The above object of the present invention is achieved by the following technical solutions:
a network sparsification measurement method based on a graph neural network comprises the following steps:
s1: sparse sampling is carried out on the end-to-end network service quality data;
s2: based on the sparsely sampled data, a network service quality prediction model is established and trained;
s3: and using the historically learned spatio-temporal network service quality information for learning and reasoning at future moments by adopting a continuous learning function mode.
Further, the end-to-end network quality of service data includes end-to-end delay data, end-to-end bandwidth data, and end-to-end packet loss rate data.
Further, in step S1, the thinning sampling is performed on the end-to-end network quality of service data, specifically:
s11: making a network sparseness measurement plan, for n network nodes, n is included 2 A distributed system of strip end-to-end paths, wherein in all the end-to-end paths, random sampling is performed according to a sampling rate alpha, and the random sampling is performed in a Bernoulli sampling mode;
s12: and executing the network sparse measurement plan, and storing a sampling result of the network sparse measurement plan to a central node.
Further, in step S2, a network quality of service prediction model is built and trained, specifically:
s21: constructing a delay matrix of the end-to-end path into graph structure data;
s22: a characteristic encoder based on a graph neural network, which adopts a plurality of coding layers based on message transmission to encode the characteristic represented by the graph structure data;
s23: adopting a delay predictor based on a multi-layer perceptron to restore the hidden characteristic generated after the graph structure data is encoded in the step S22 into a complete network service quality prediction matrix;
s24: and (3) adopting a gradient descent method to perform repeated training optimization and minimize errors.
Further, in step S21, the delay matrix of the end-to-end path is constructed as the graph structure data, specifically:
the distributed system comprising n network nodes, the constructed graph structure data is G (V, E), wherein v= { V 1 ,v 2 ,...v n -all n of said netsA set of network nodes e ij E represents the network quality of service from network node i to network node j.

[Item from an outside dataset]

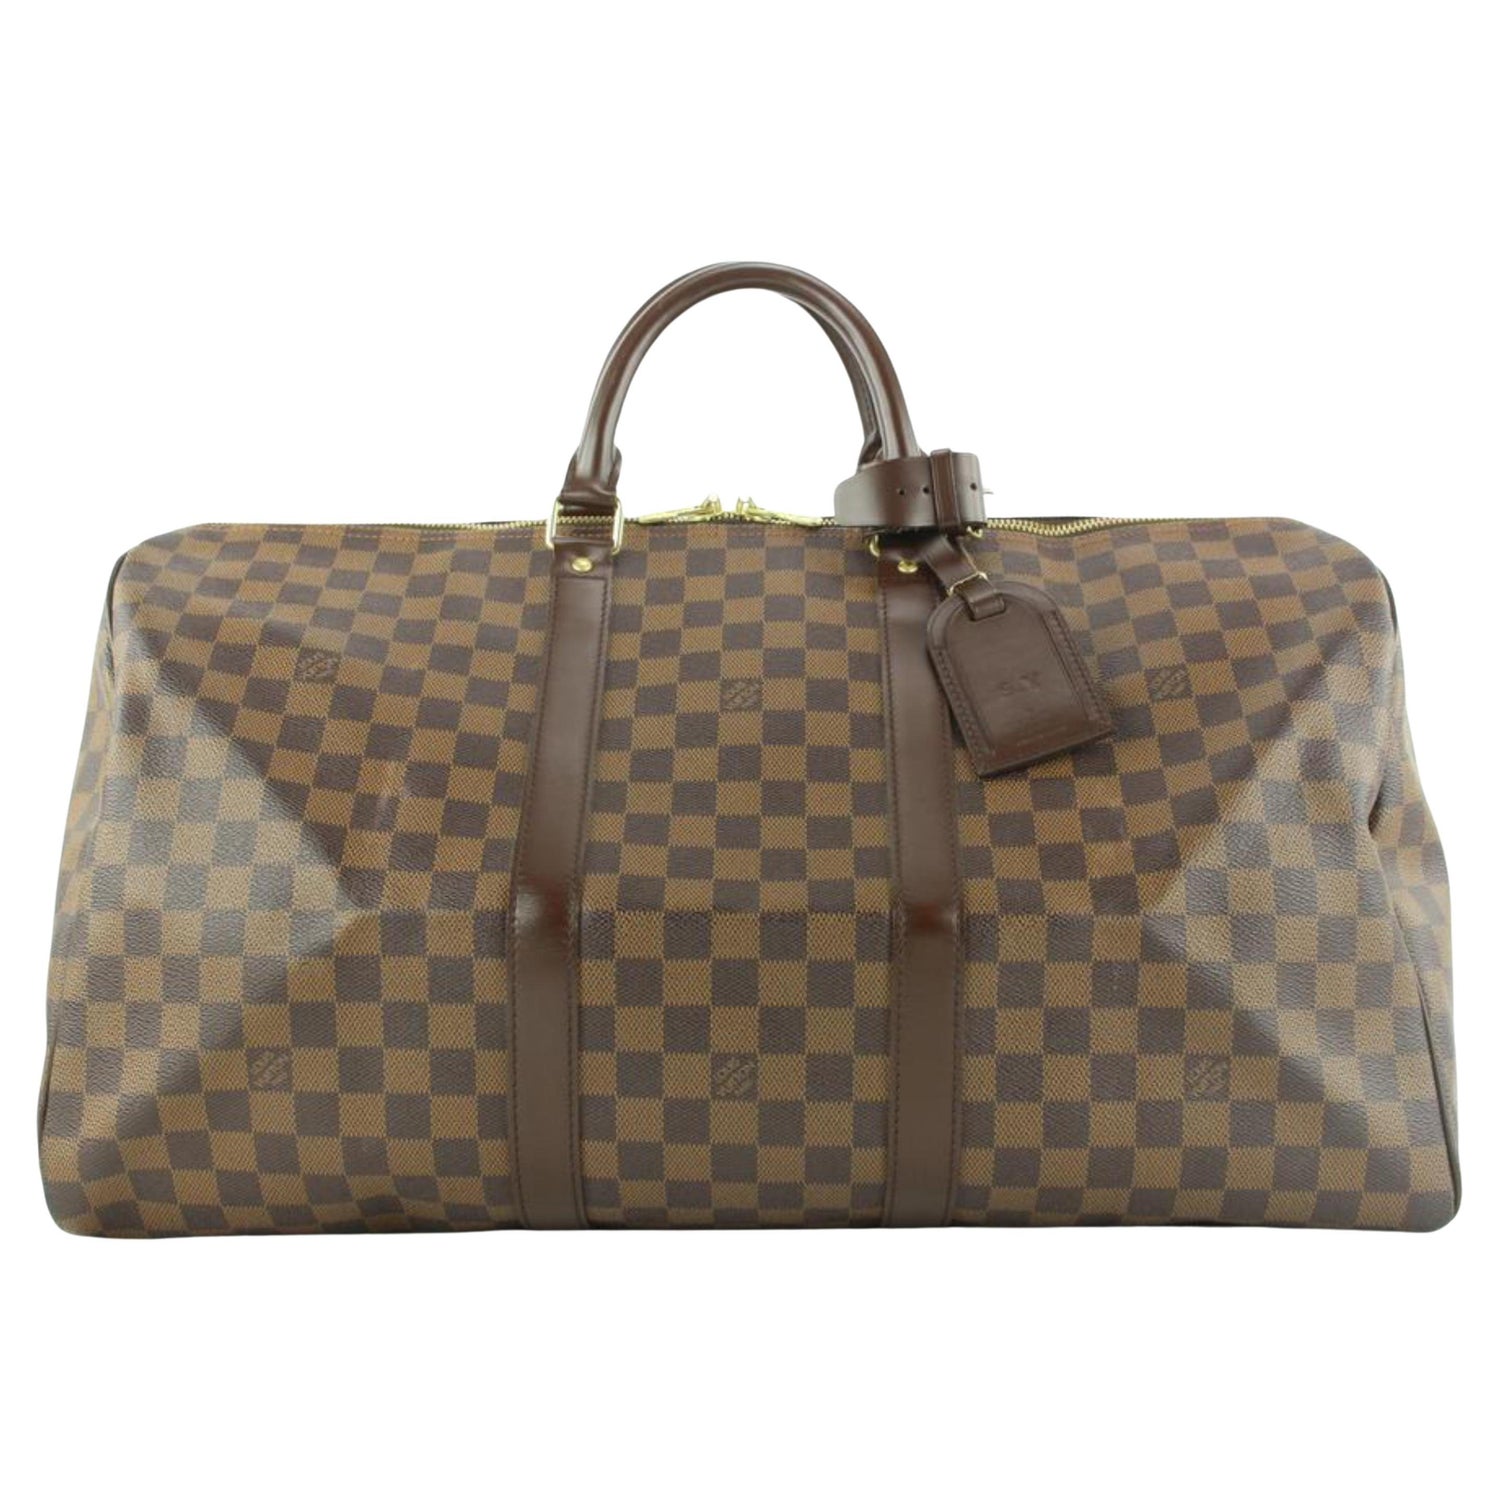 First time LV owner here. My Keepall Bandoulière 55 seems to “pucker” when  I carry it by the strap. Am I being too paranoid about it? Is it normal?  It's not loaded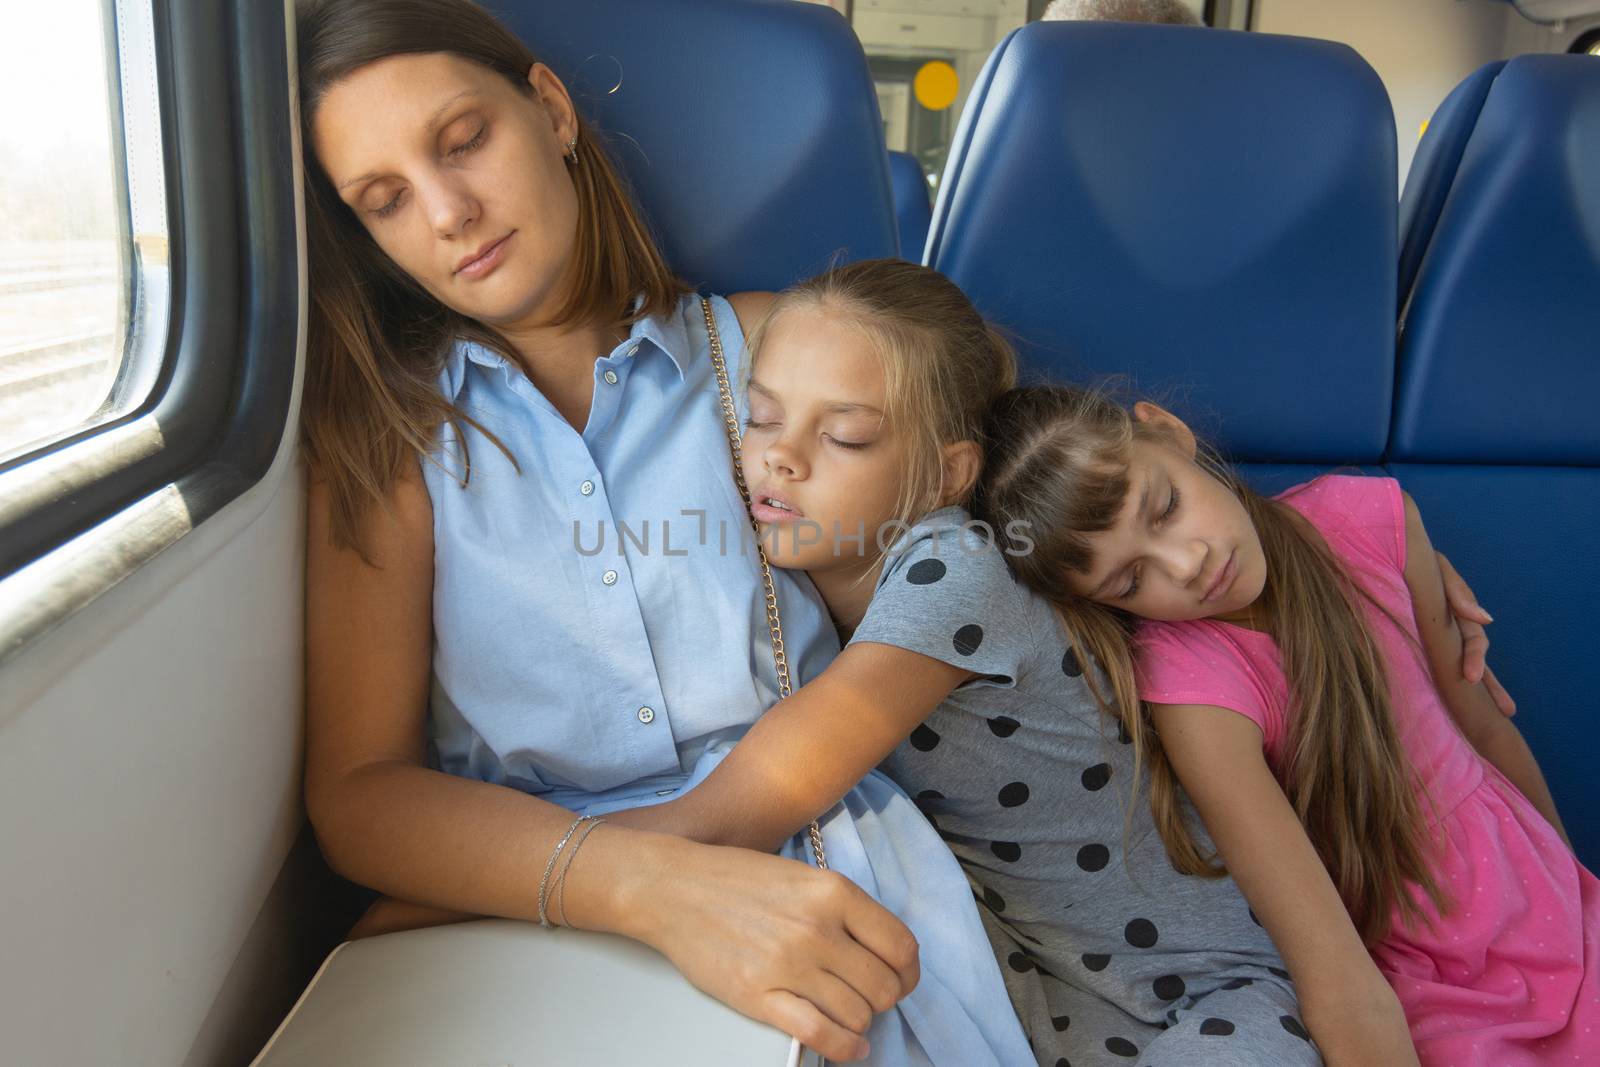 Mom and two daughters fell asleep in an electric train car by Madhourse

Further, in step S22, the feature encoder based on the graph neural network encodes the features represented by the graph structure data by using a multi-layer encoding layer based on message passing, specifically:
for any u E V, embedding network service quality information among neighbor network nodes of u into a representation of u in an aggregation mode, wherein an aggregation formula is as follows:
Figure BDA0004146164950000031
wherein ,AGGl For the aggregate function, σ is the nonlinear function sigmod, CONCAT stands for two-vector concatenation, l is the layer sequence number, v is the node to be encoded,
Figure BDA0004146164950000032
for the learnable parameters of layer I for encoding,/for the coding>
Figure BDA0004146164950000033
For the characteristic representation of node u in layer x of node u,/>
Figure BDA0004146164950000034
A characteristic representation at layer 1 for the quality of service from node u to node v;
after the polymerization is finished, polymerizing the current layer to obtain
Figure BDA0004146164950000035
Combined with the information indicated by v of the previous layer, the output of the current layer is obtained together>
Figure BDA0004146164950000036
The expression is:
Figure BDA0004146164950000037
wherein ,
Figure BDA0004146164950000038
for the layer I, a matrix of learnable parameters for aggregation,>
Figure BDA0004146164950000039
for the l-1 layer output, the feature x of v is used to initialize h when the current layer is the first layer 0
Defining an inter-layer residual, injecting said inter-layer residual into the output y of the first layer l Specifically, the information of the previous layer is input to the current layer in a ratio of 1-lambda:
Figure BDA00041461649500000310
wherein ,
Figure BDA00041461649500000311
is the output of the previous layer;
defining an initial residual error for compensating gradient disappearance and gradient explosion caused by multi-layer picture convolution coding, wherein the expression is as follows:
Figure BDA0004146164950000041
wherein ,x0 For all node initial features, β is an adaptive scaling determined using the Frobenius norm;
Figure BDA0004146164950000042
wherein ,hl Feature matrix formed by splicing all node features of layer I, and x 0 The initial feature matrix is used for all nodes;
finally superimposing the inter-layer residual and the initial output to the output of the neural network
Figure BDA0004146164950000043
And outputting the data, wherein the expression is as follows:
Figure BDA0004146164950000044
at this time, encoding of the features represented by the map structure data of the first layer is completed.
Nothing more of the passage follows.